Sunday, July 28, 2019


Commonwealth by Ann Patchett (2016)

Bert Cousins attends a christening party uninvited, bringing with him a bottle of gin as a gift, and after really getting the party going he ends up kissing the mother of the party's honoree. This sets in motion the breakup of both their marriages and reforms the families. Bert's four kids and Beverly's two are now step-siblings and the new relationships changes the paths of all their lives. One of those lives is cut short, and the others hide what really happened that day for decades. Then one of them tells the story to a writer, and their secrets are published in a bestselling novel.

The biggest hurdle with this book is the number of characters and their complicated relationships. There are six kids and four parents, and I kept forgetting which kids belonged to which parents and which parents were married to who, or used to be married to who. Granted, I began this book the day before leaving on vacation and was just reading bits here and there throughout most of my vacation but I think it would have still been confusing.

Otherwise it was a good story and the characters we really got to know were compelling.
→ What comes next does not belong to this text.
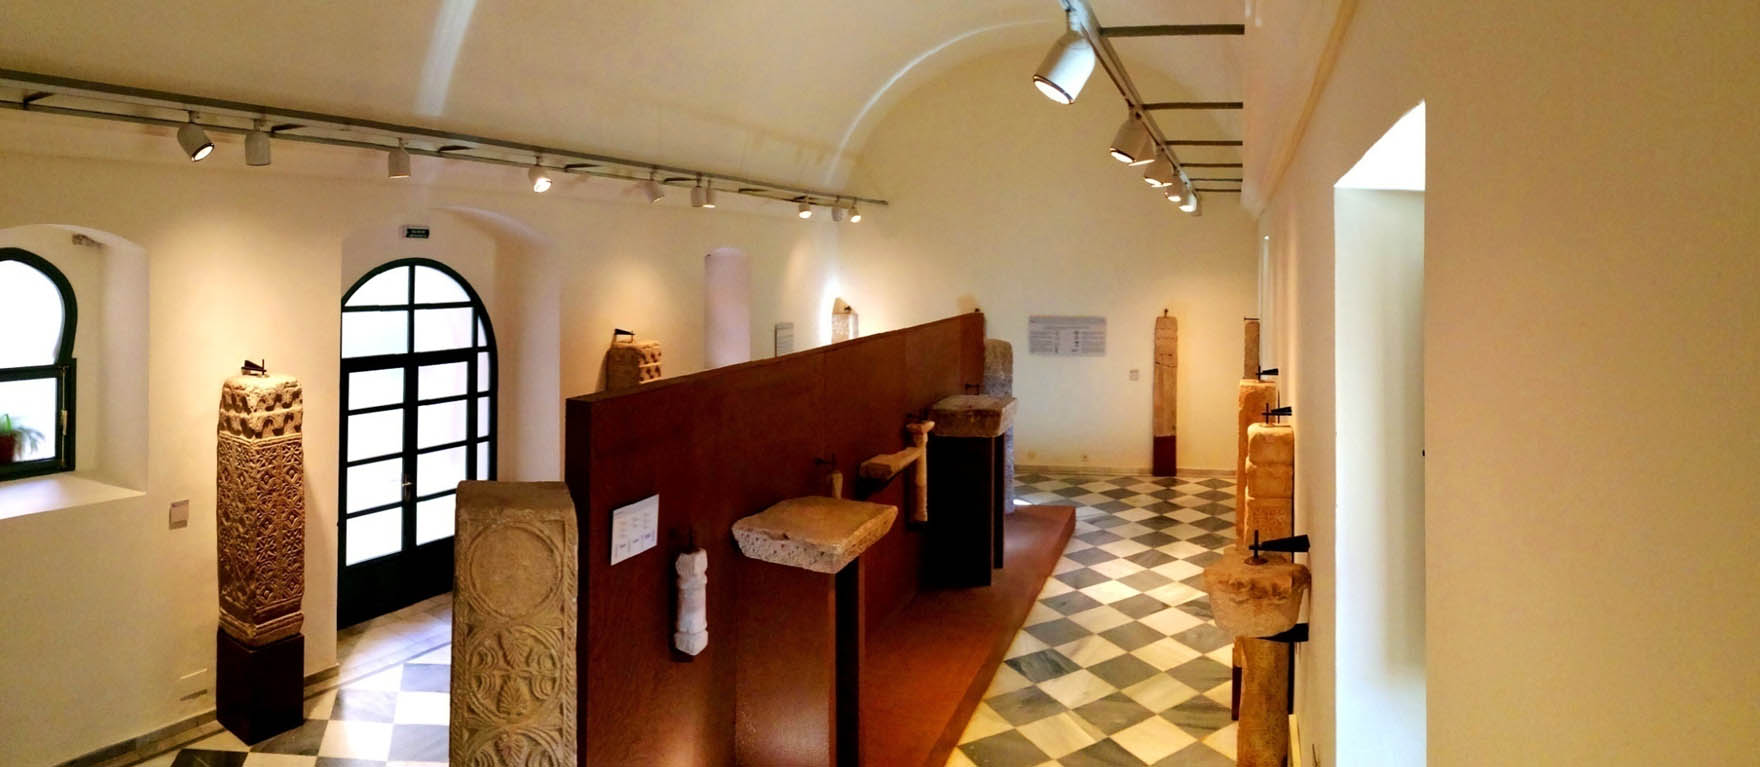 Lámina 19. Sala abovedada de la planta baja del Museo Arqueológico Provincial de Badajoz

Franny Keating was the baby newly christened in the opening pages of the book, and as an adult she was a cocktail waitress trying to figure out what to do with her life. She meets an author she admires a lot and ends up in a relationship with him. Her sister Caroline is a lawyer, though we don't get her full story. They are still close with their step-siblings, Albie being the most interesting (in my opinion) of them. He was the youngest and played a key role in the tragedy that occurred in their childhood. Mostly because he was so annoying and the other kids were always trying to get rid of him, which they did by giving him Benadryl so he'd fall asleep.

I liked how they all tried to take care of each other their whole lives, even those who weren't really related. For instance, Caroline and Franny helped out their stepfather's ex-wife when she needed it. She was their step-siblings' mother after all, and therefore they did not even think of not helping her, even though they didn't really know her. More than anything, this was a novel about the meaning of family and all the forms that families can take.

It took me a while to read since, as I mentioned, I was reading bits here and there on vacation. But at a certain point I had more free time and really sat down with it for bigger chunks of time, which I think was much better because of the number of characters and the jumping back and forth in time. Ann Patchett's writing is always a pleasure to read, and this novel was no exception.